[GitHub] [iceberg] zhangjun0x01 commented on a change in pull request #1936: Flink: Default read parallelism to number of splits

GitBox Thu, 21 Jan 2021 21:32:09 -0800


zhangjun0x01 commented on a change in pull request #1936:
URL: https://github.com/apache/iceberg/pull/1936#discussion_r561461670




##########
File path: 
flink/src/test/java/org/apache/iceberg/flink/TestFlinkTableSource.java
##########
@@ -685,4 +782,60 @@ public void testSqlParseError() {
     AssertHelpers.assertThrows("The NaN is not supported by flink now. ",
         NumberFormatException.class, () -> sql(sqlParseErrorLTE));
   }
+
+  /**
+   * The sql can be executed in both streaming and batch mode, in order to get 
the parallelism, we convert the flink
+   * Table to flink DataStream, so we only use streaming mode here.
+   *
+   * @throws TableNotExistException table not exist exception
+   */
+  @Test
+  public void testInferedParallelism() throws TableNotExistException {
+    Assume.assumeTrue("The execute mode should  be streaming mode", 
isStreamingJob);

Review comment:
       I think these are two different concepts.
   In flink, whether using batch mode or streaming mode, we can read batch 
data.
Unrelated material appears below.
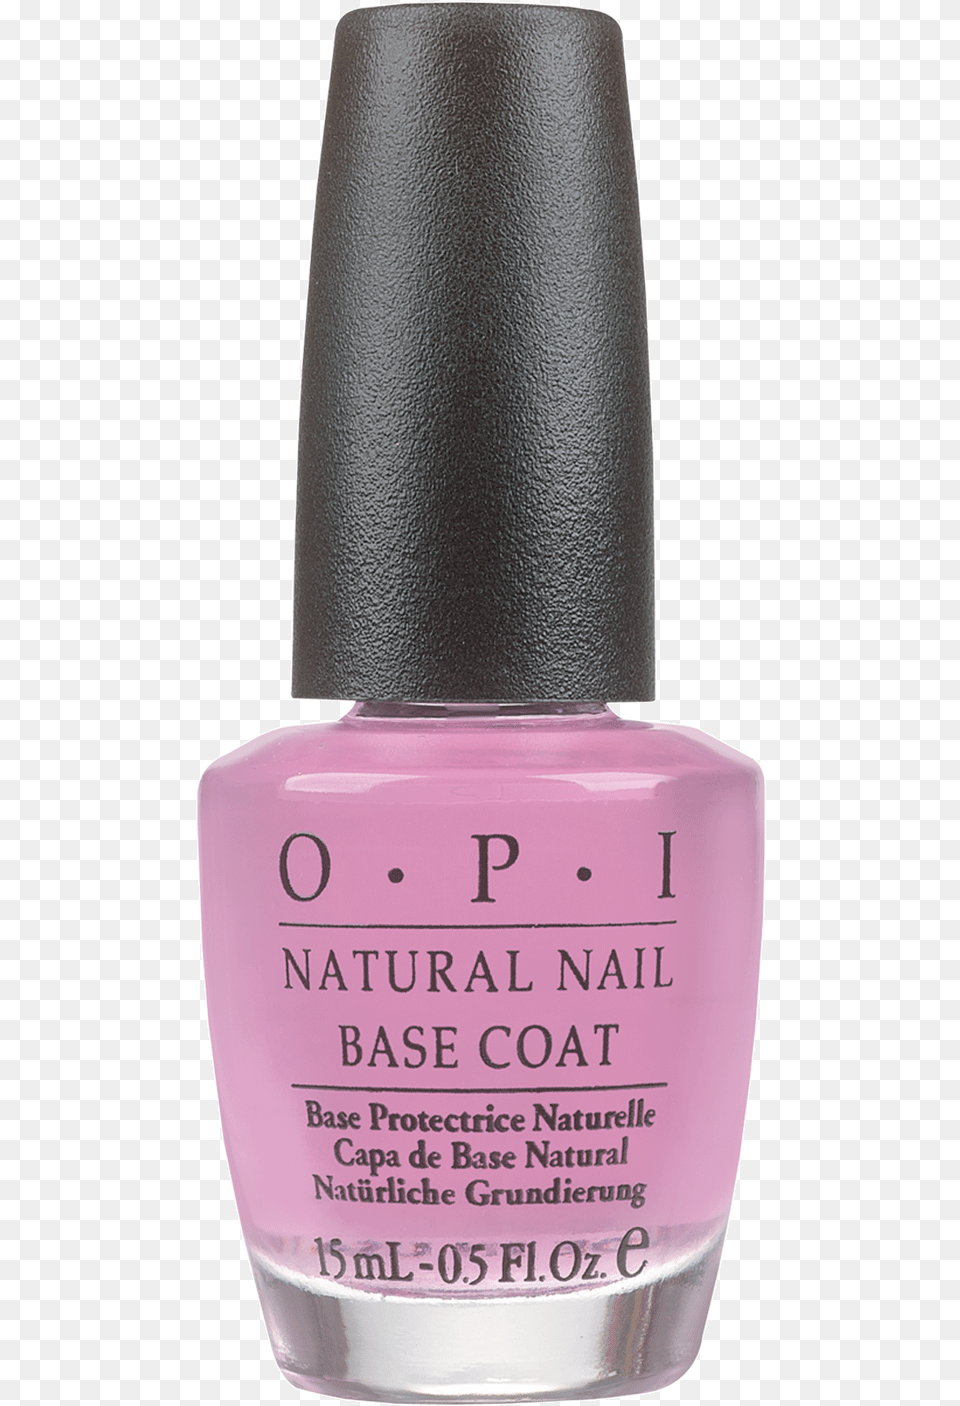 Natural Nail Base Coat Opi Pink Base Coat, Cosmetics, Bottle, Perfume, Nail Polish Png Image

Flink treats batch jobs as bounded streaming jobs, so there should be no 
problem whether it is using batch mode or streaming mode to read batch data.  
In addition, flink will use `StreamExecutionEnvironment (DataStream)` to do 
batch tasks and stream tasks uniformly ([the  doc 
link](https://flink.apache.org/news/2020/12/10/release-1.12.0.html#batch-execution-mode-in-the-datastream-api))
 . The batch mode may expire, so I think we should also use 
`StreamExecutionEnvironment (DataStream)` for batch tasks as much as possible.
   
   When we use `StreamExecutionEnvironment` , in `FlinkSource.Builder#build` 
method, 
   the `if` and `else` block in this method are both streaming jobs, `if` block 
is a bounded streaming jobs, maybe we can rename `ScanContext#isStreaming` 
field to `ScanContext#isStreamingRead`, which will be easier to understand. 
`If` code block is bounded stream job (batch), `else` code block to do 
long-running stream job.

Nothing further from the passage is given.